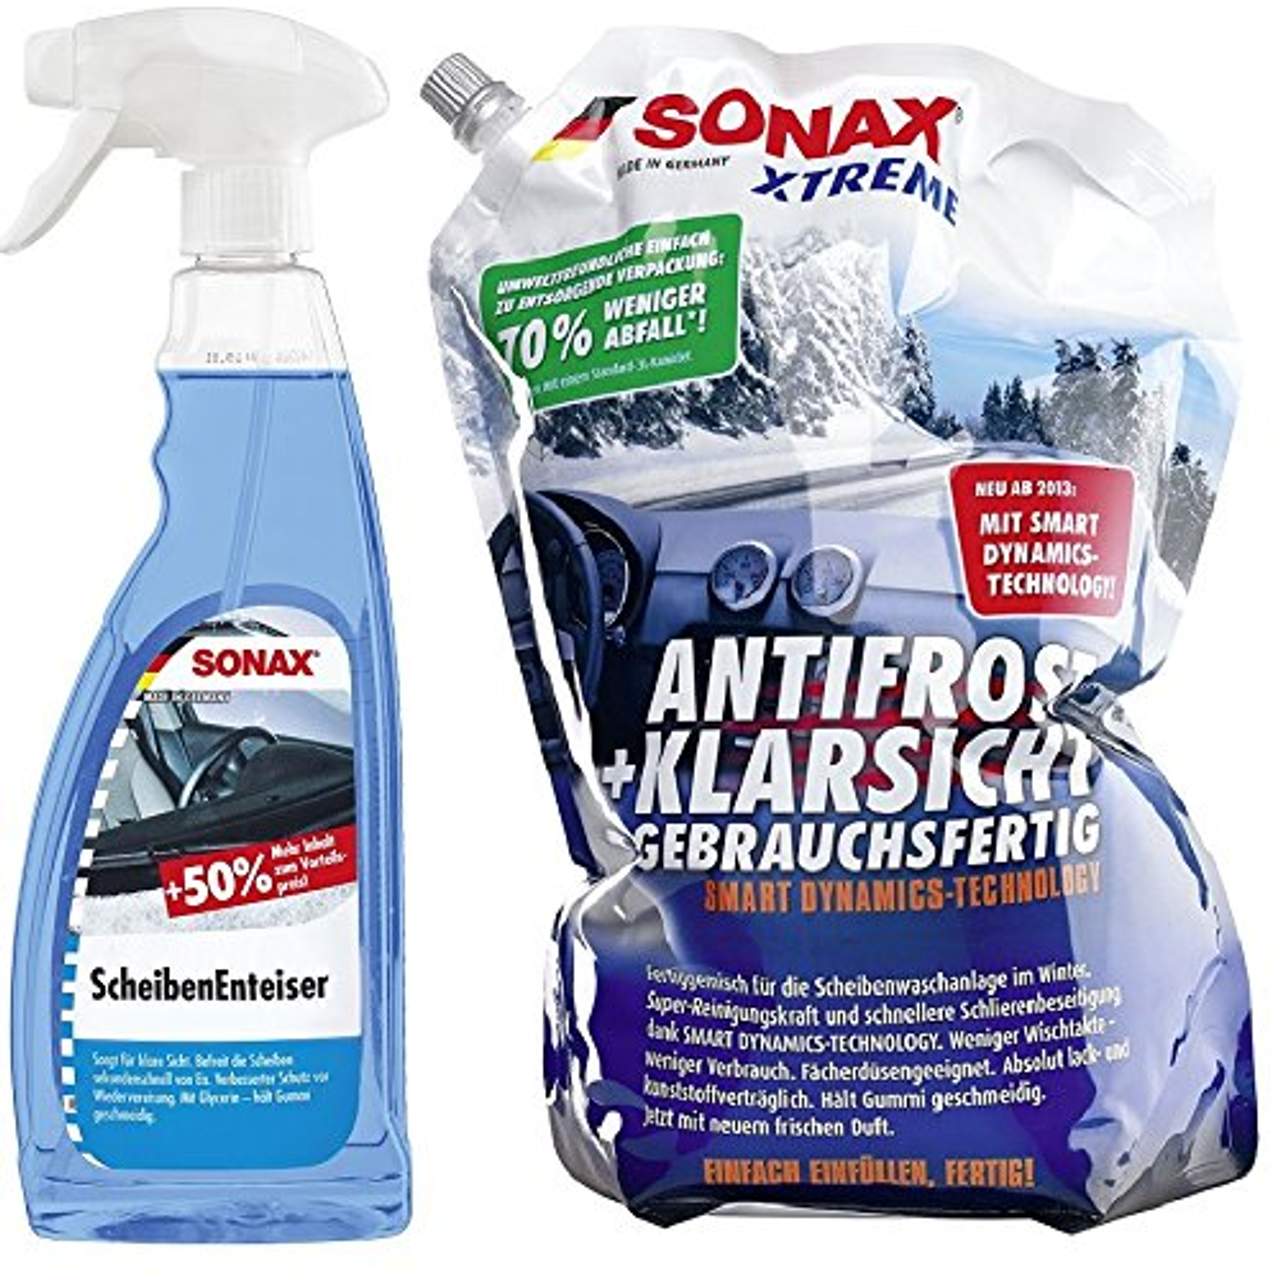 Sonax Xtreme Winter Set Gebrauchsfertig AntiFrost & KlarSicht
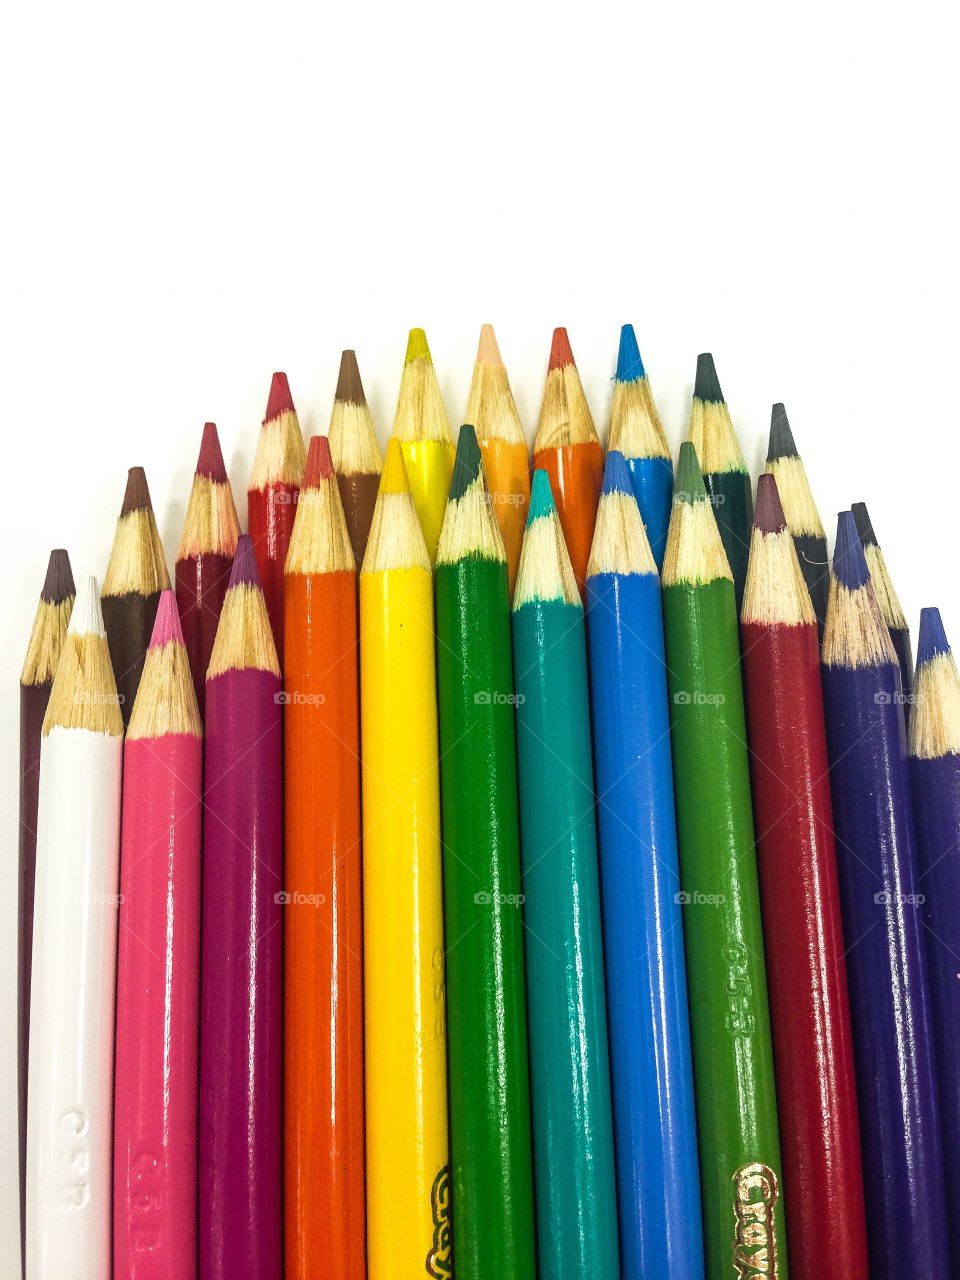 Colored pencils. Art school work
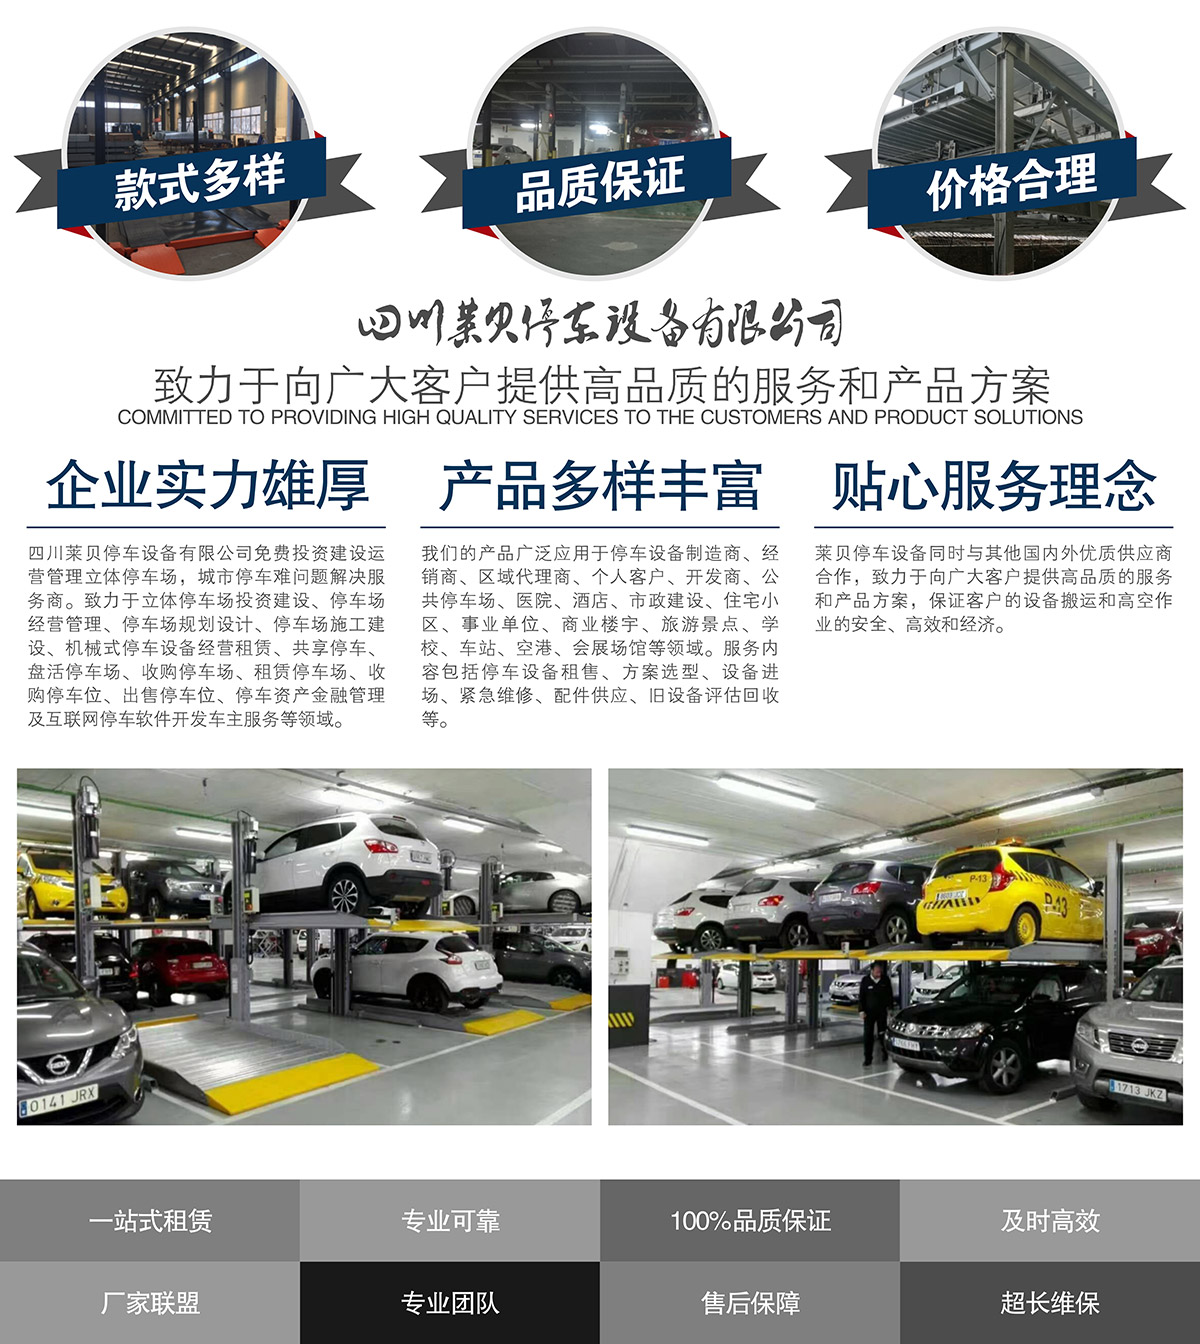 成都莱贝机械车库投资经营提供高品质的服务和产品方案.jpg

################

■ **Task instructions**: Please retype the listing exactly, leaving out any images.

■ **Result**:
 Sonax Xtreme Winter Set Gebrauchsfertig AntiFrost & KlarSicht
 Colored pencils. Art school work
 成都莱贝机械车库投资经营提供高品质的服务和产品方案.jpg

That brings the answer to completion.